### Information provided
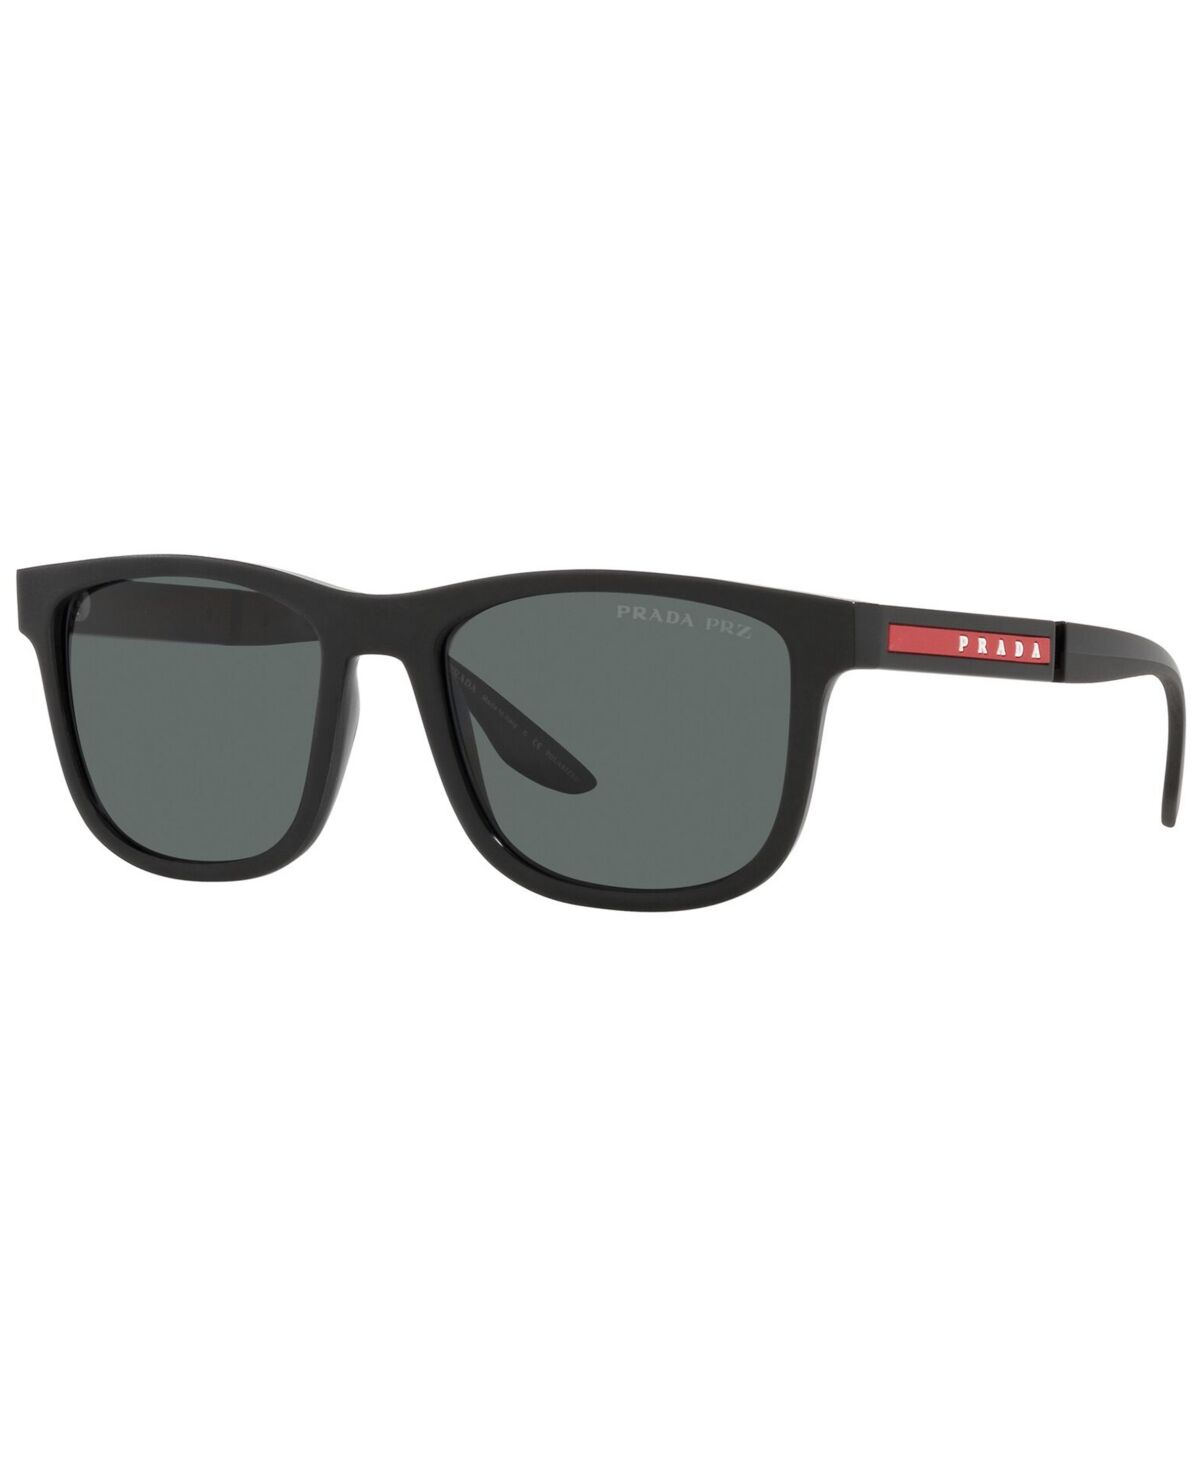 Prada Linea Rossa Men's Polarized Sunglasses, Ps 04XS 54 - BLACK RUBBER/BLACK/POLAR DARK GREY
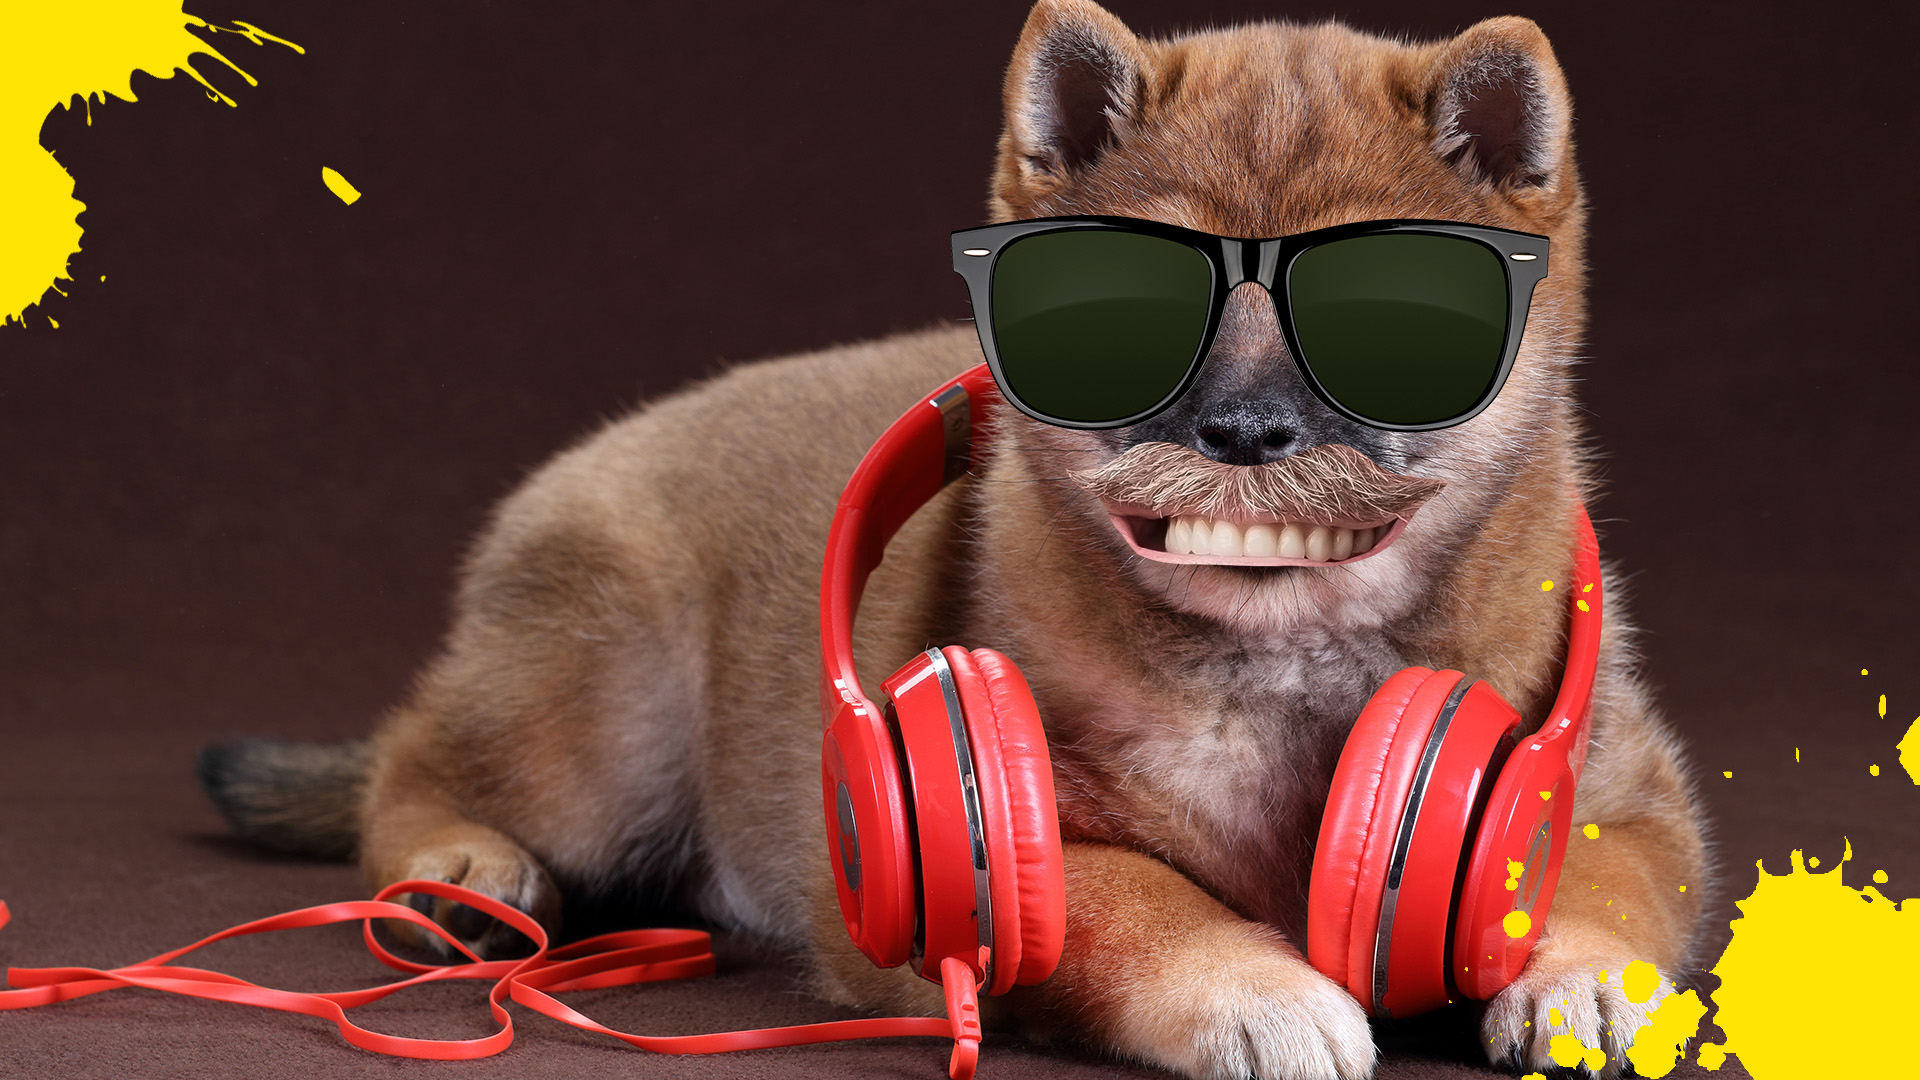 A dog wearing sunglasses and headphones 
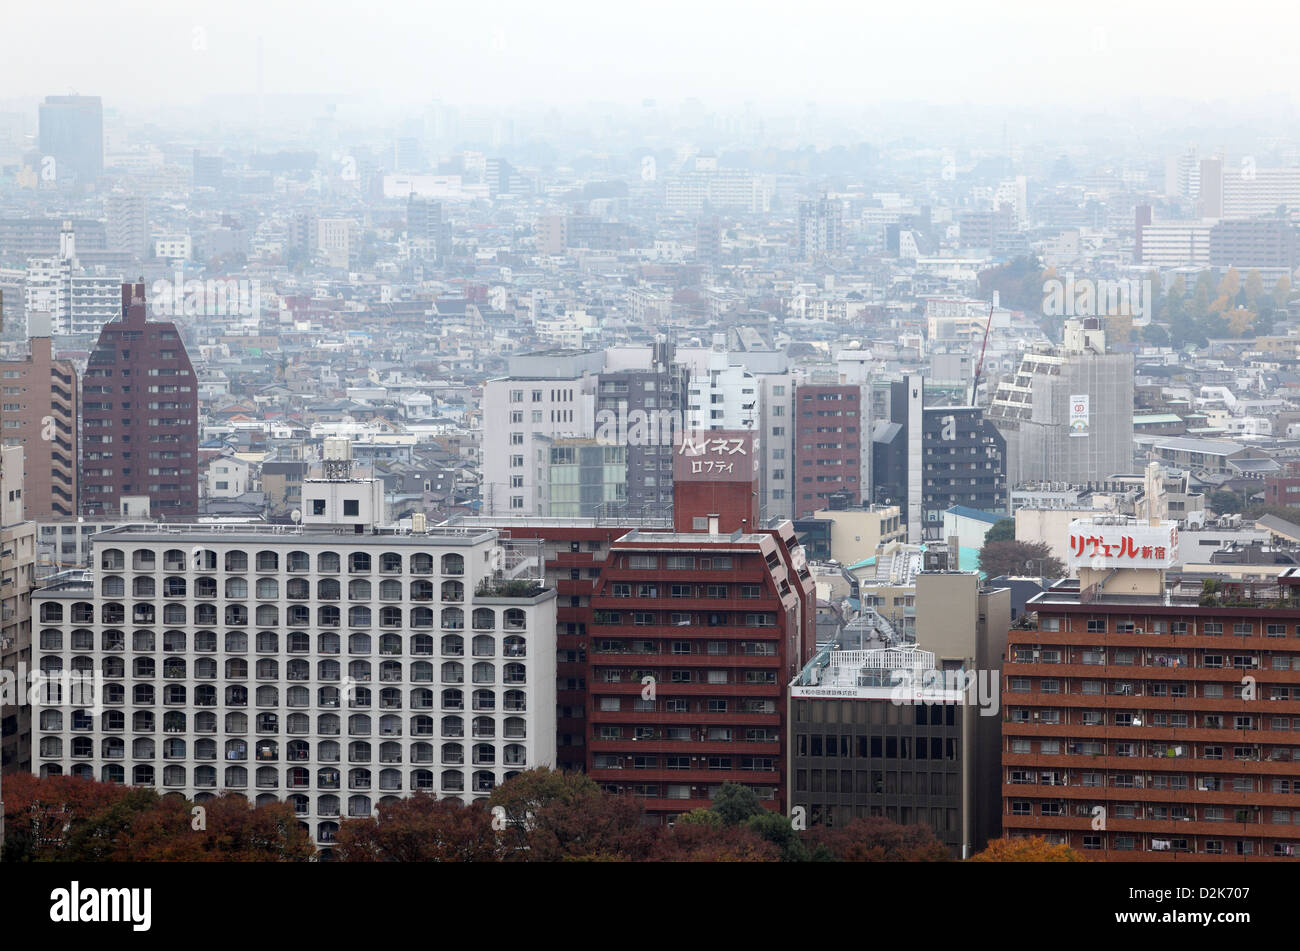 Tokyo, Japan, smog over the city Stock Photo

### What you will do
Skipping the images, write out the whole listing exactly.

### Your response
 Prada Linea Rossa Men's Polarized Sunglasses, Ps 04XS 54 - BLACK RUBBER/BLACK/POLAR DARK GREY
 A dog wearing sunglasses and headphones 
 Tokyo, Japan, smog over the city Stock Photo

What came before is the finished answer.